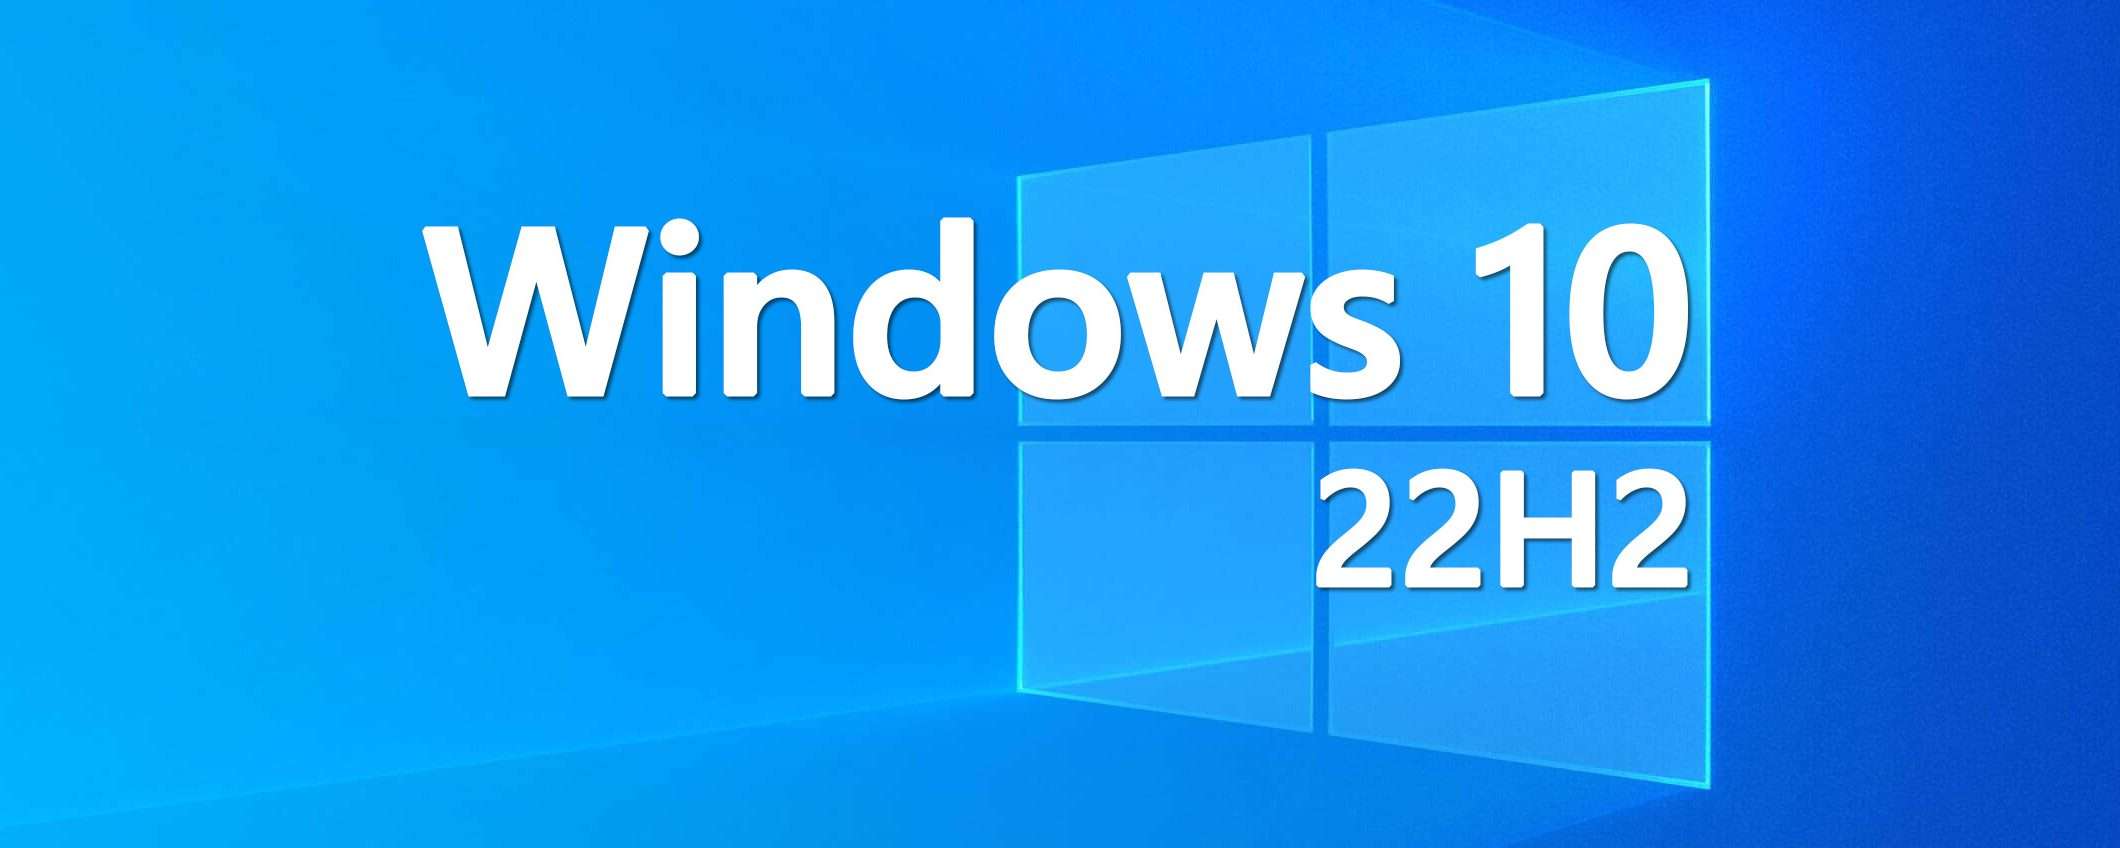 Windows 10 22H2: al via la distribuzione su larga scala
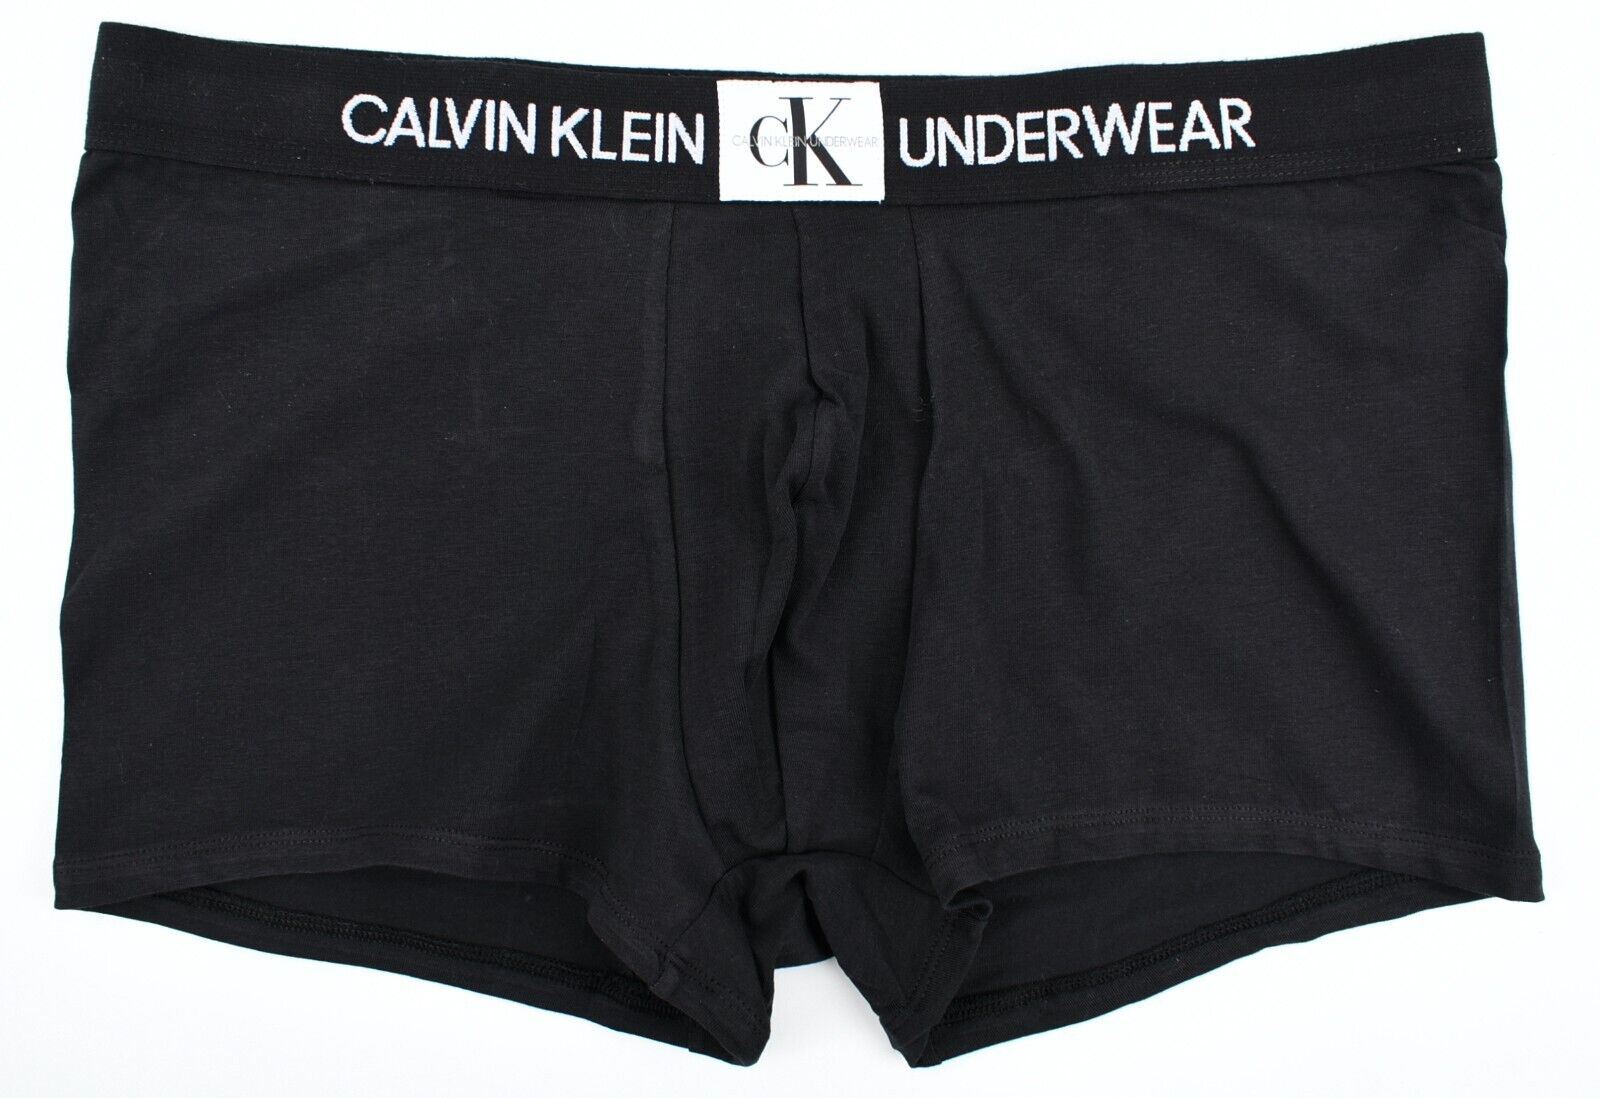 CALVIN KLEIN Monogram Limited Edition Men's Boxer Trunk, Black, size XL (40-42)
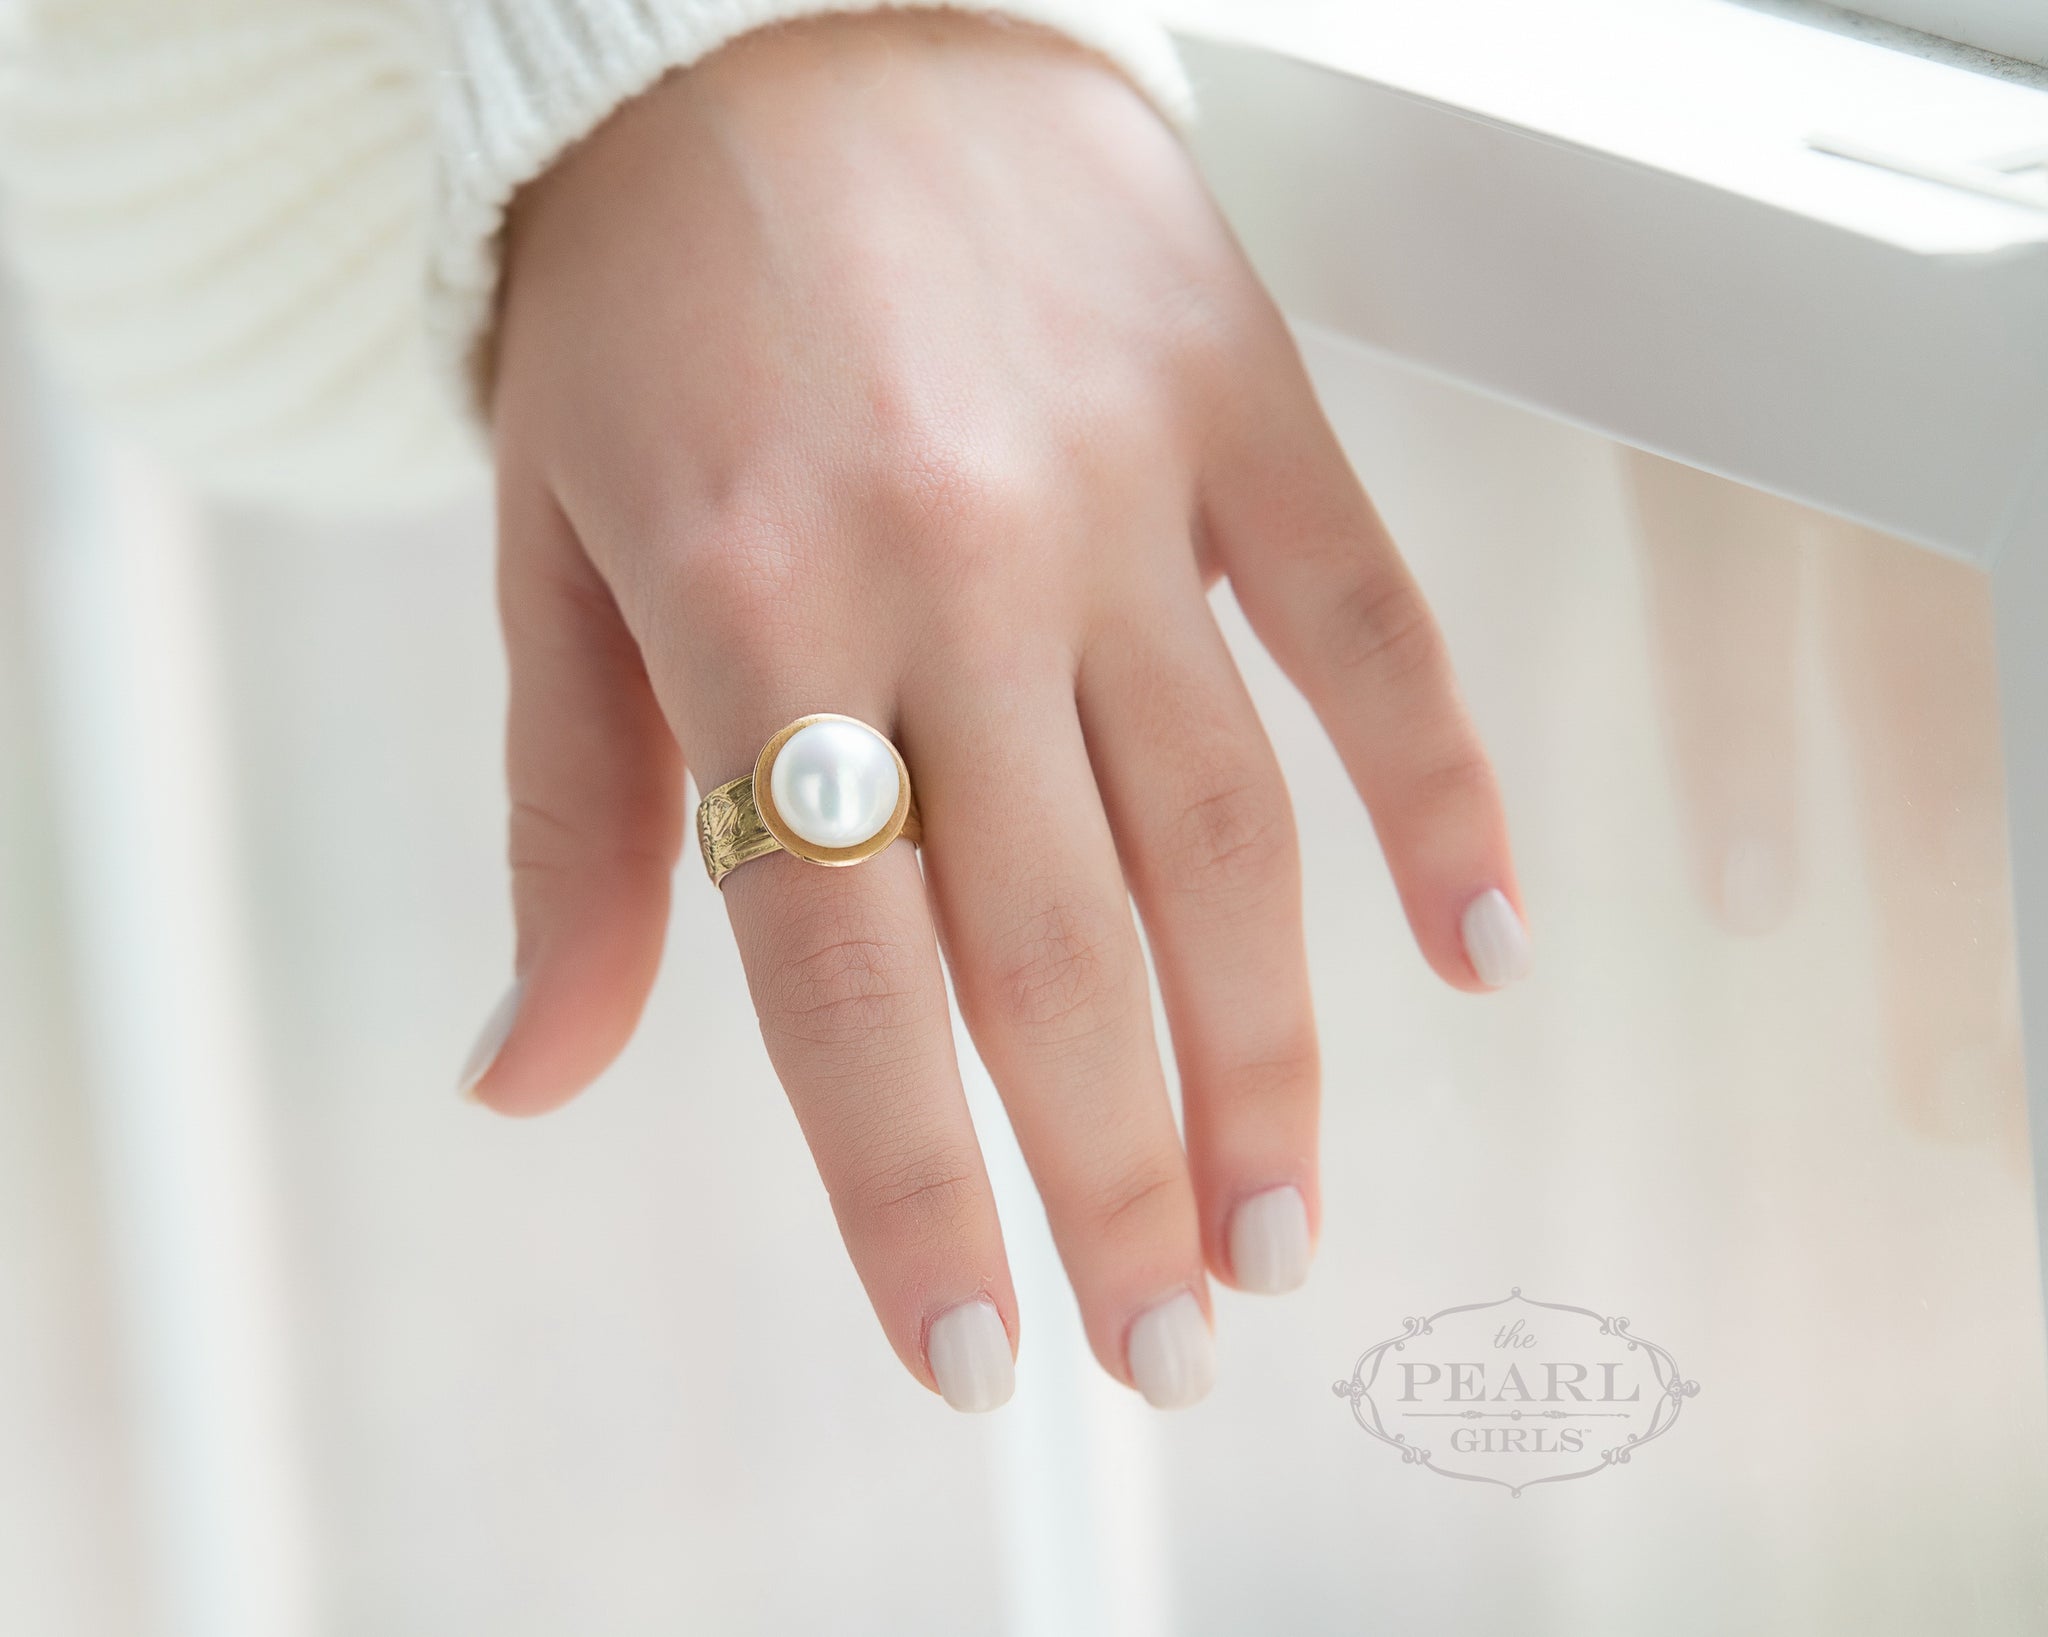 Big Pearl Ring by Sylvia Dawe

_ _ _ _

# About this task
Reproduce the material exactly; keep pictures out.

# Answer space
 Windows 10 22H2: al via la distribuzione su larga scala
 CALVIN KLEIN Monogram Limited Edition Men's Boxer Trunk, Black, size XL (40-42)
 Big Pearl Ring by Sylvia Dawe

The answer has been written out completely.